**EXERCISE INSTRUCTIONS**:
The expected output is the full set of entries, retyped verbatim, pictures excluded.

**RECORDS FOR THE EXERCISE**:
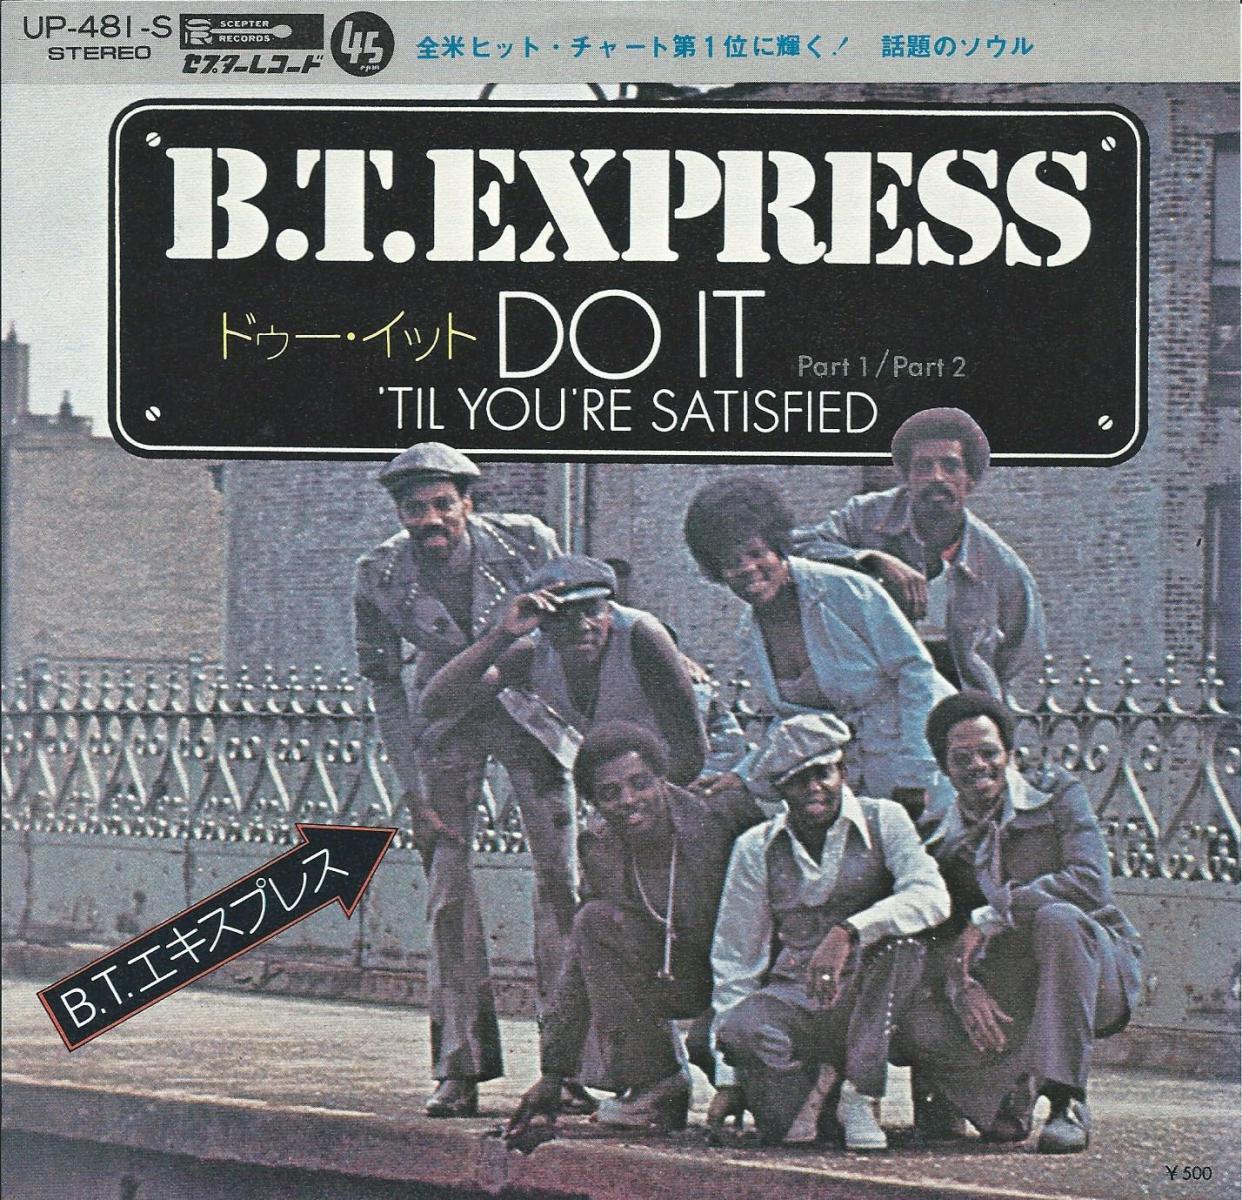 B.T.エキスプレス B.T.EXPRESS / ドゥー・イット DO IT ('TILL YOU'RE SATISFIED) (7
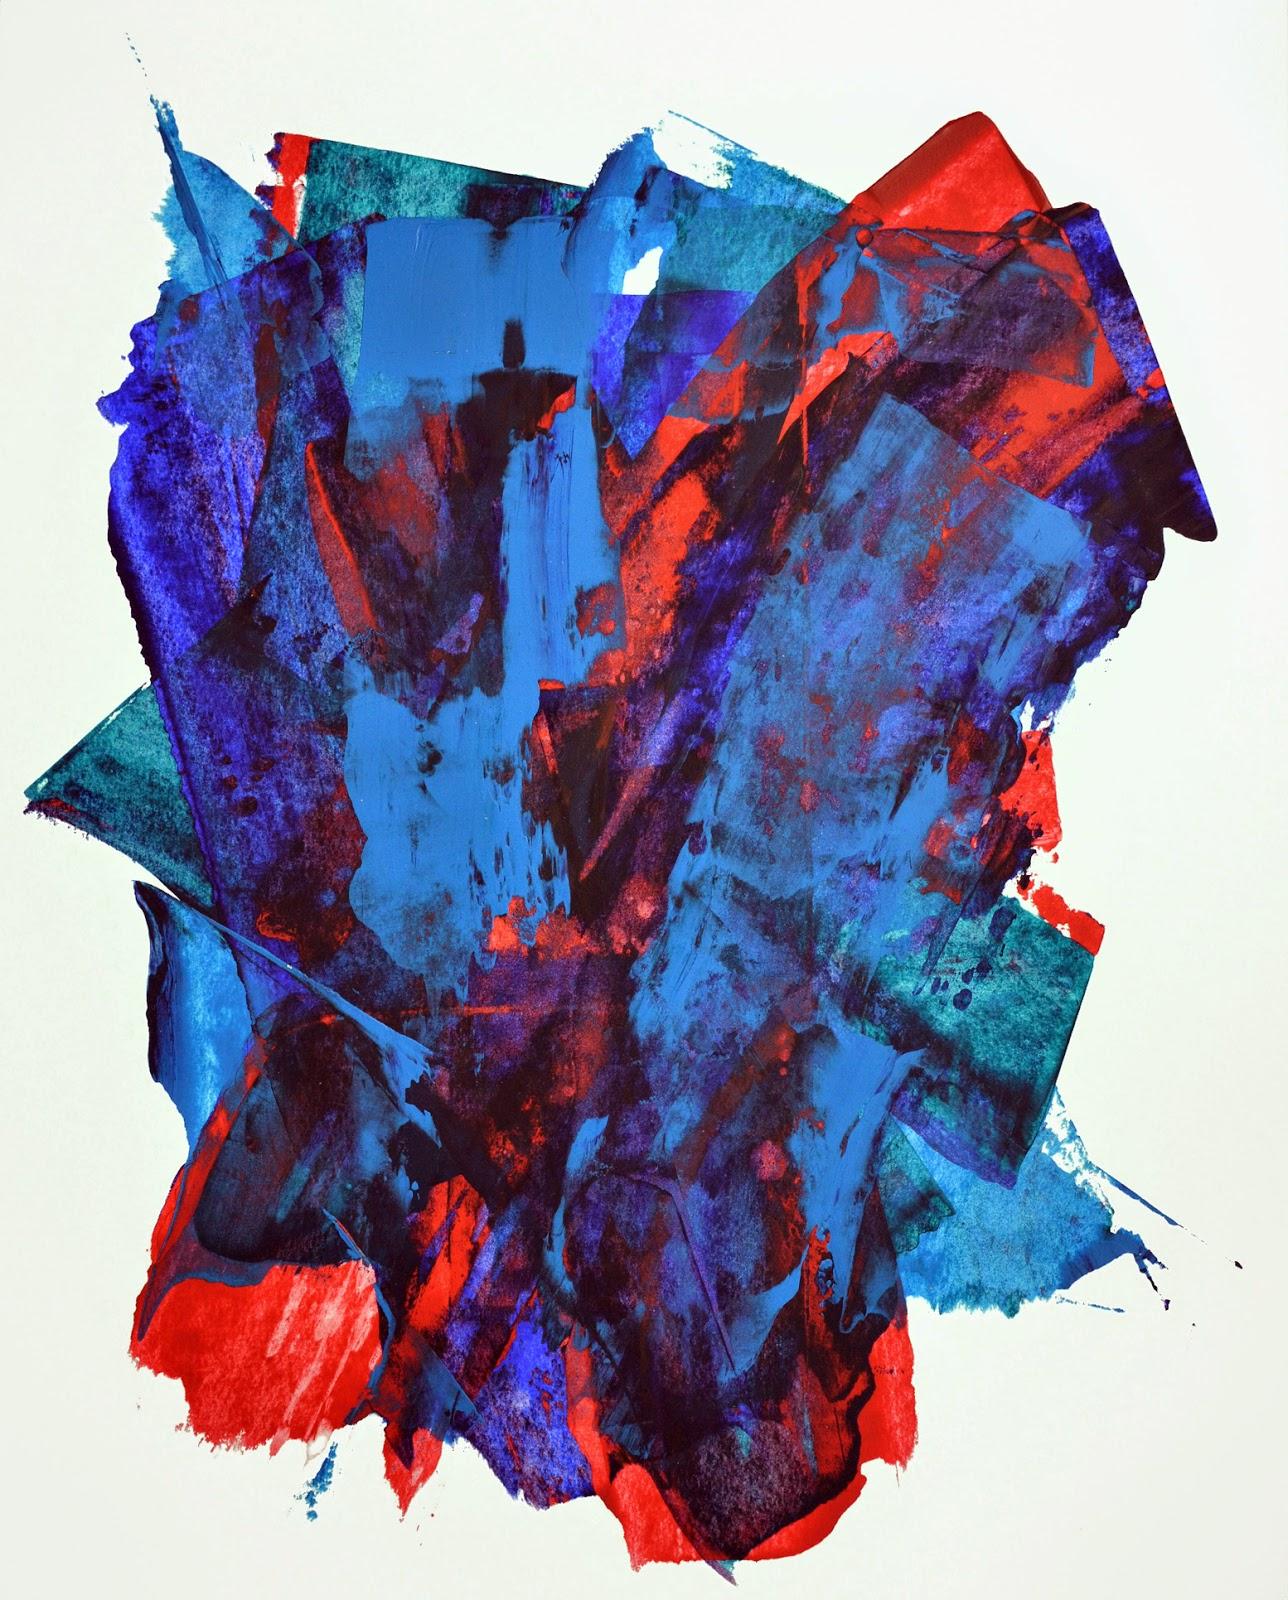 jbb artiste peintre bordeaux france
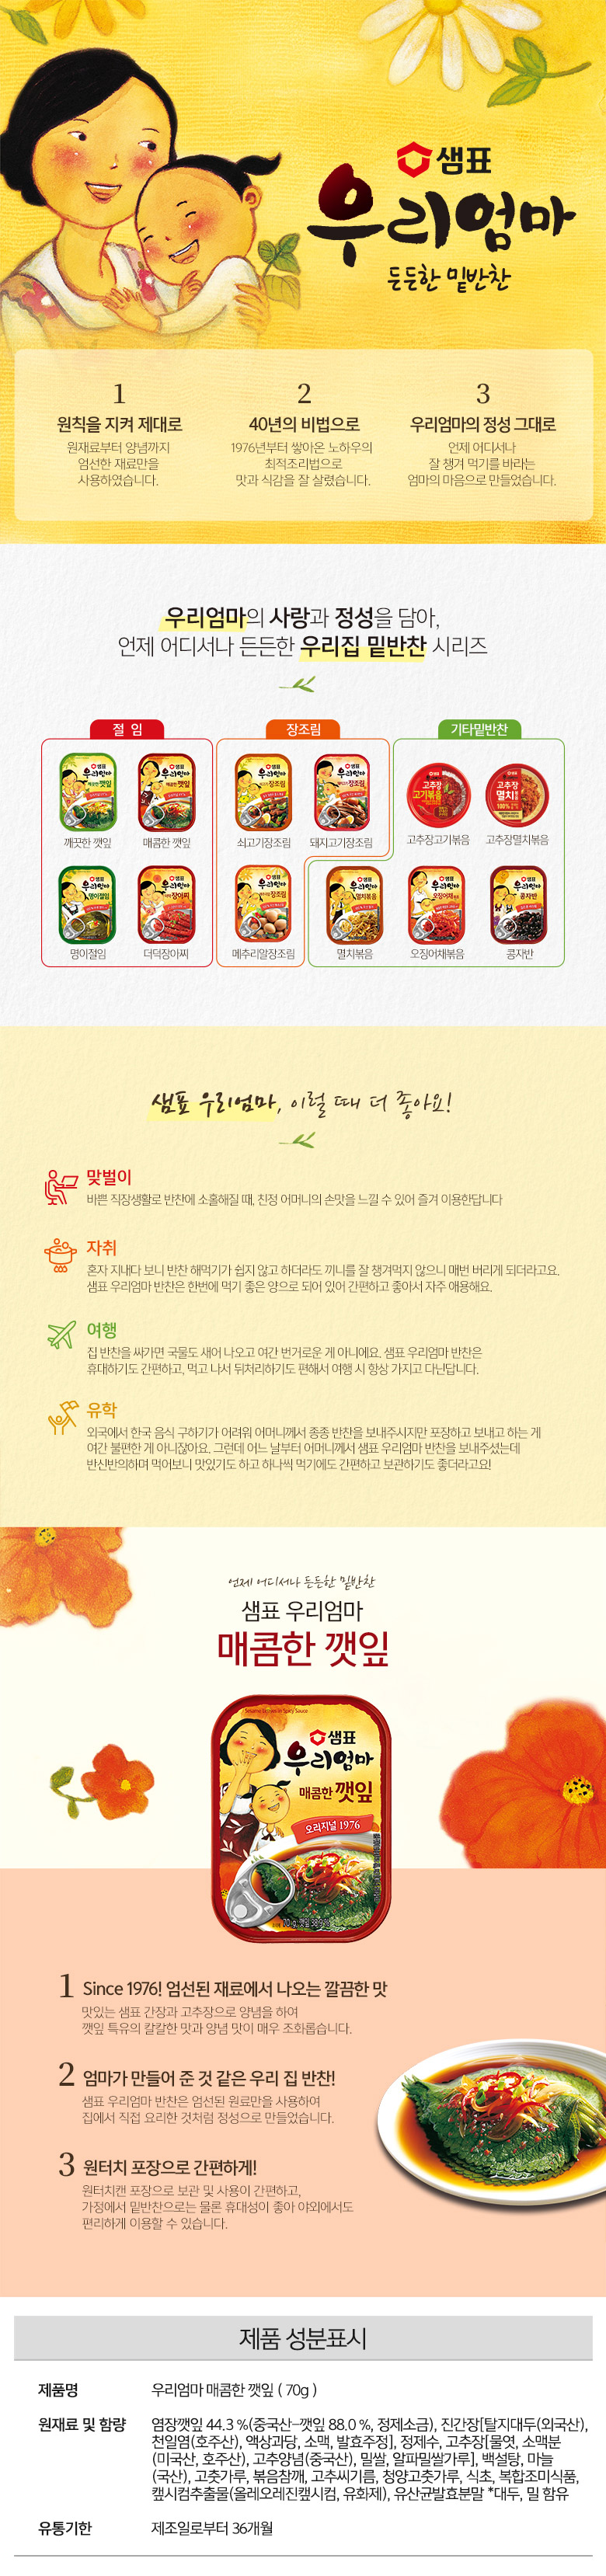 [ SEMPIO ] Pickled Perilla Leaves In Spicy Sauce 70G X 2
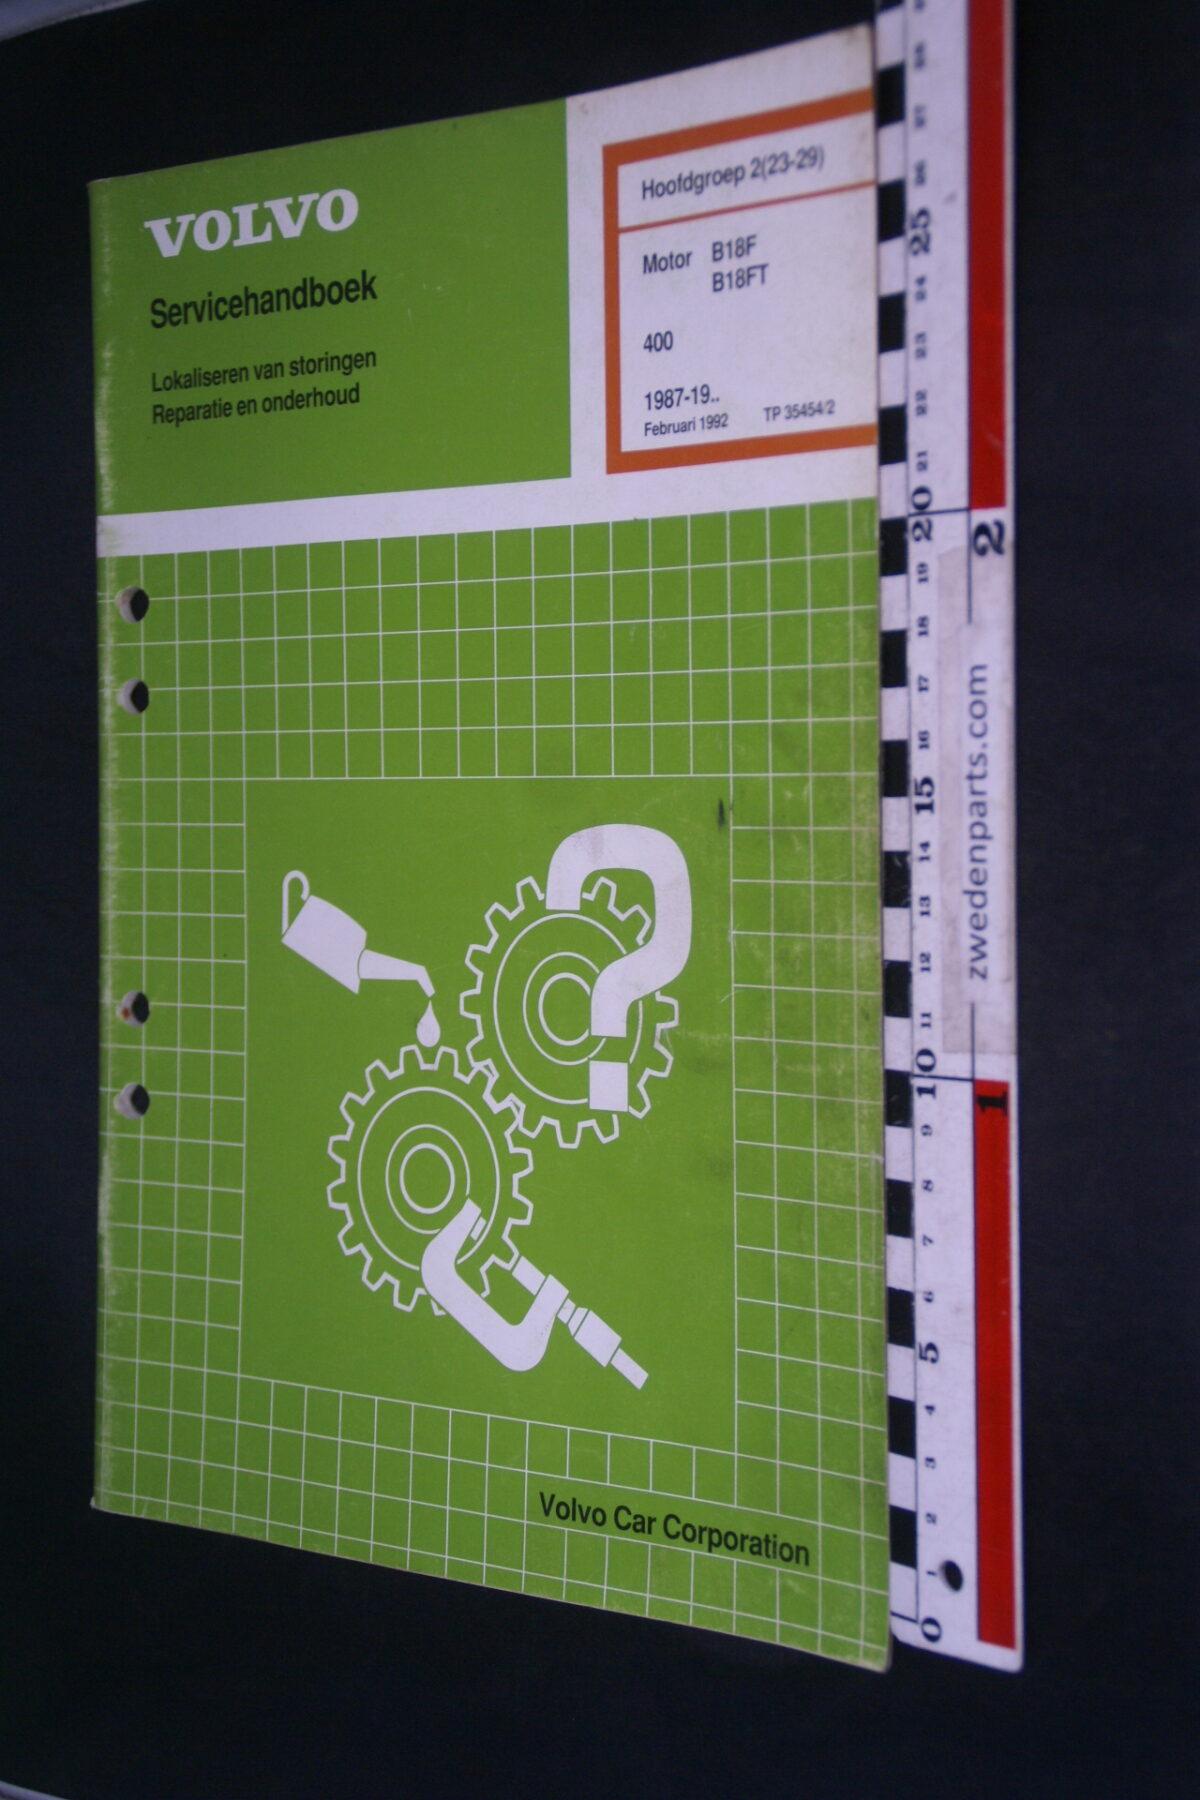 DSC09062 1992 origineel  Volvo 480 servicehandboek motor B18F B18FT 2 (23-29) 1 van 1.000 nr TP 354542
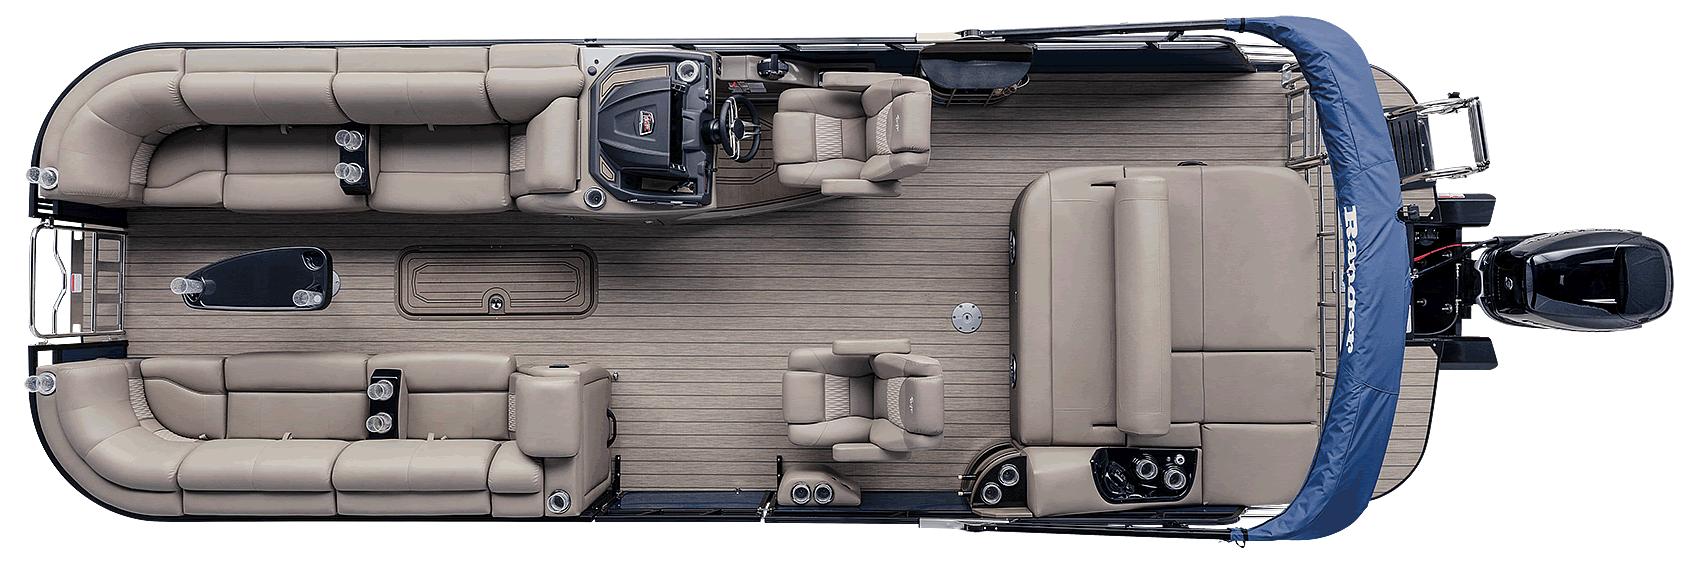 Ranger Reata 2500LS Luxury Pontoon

**SOLUTION TO THIS TASK**:
 B.T.エキスプレス B.T.EXPRESS / ドゥー・イット DO IT ('TILL YOU'RE SATISFIED) (7
 jbb artiste peintre bordeaux france
 [ SEMPIO ] Pickled Perilla Leaves In Spicy Sauce 70G X 2
 DSC09062 1992 origineel  Volvo 480 servicehandboek motor B18F B18FT 2 (23-29) 1 van 1.000 nr TP 354542
 Ranger Reata 2500LS Luxury Pontoon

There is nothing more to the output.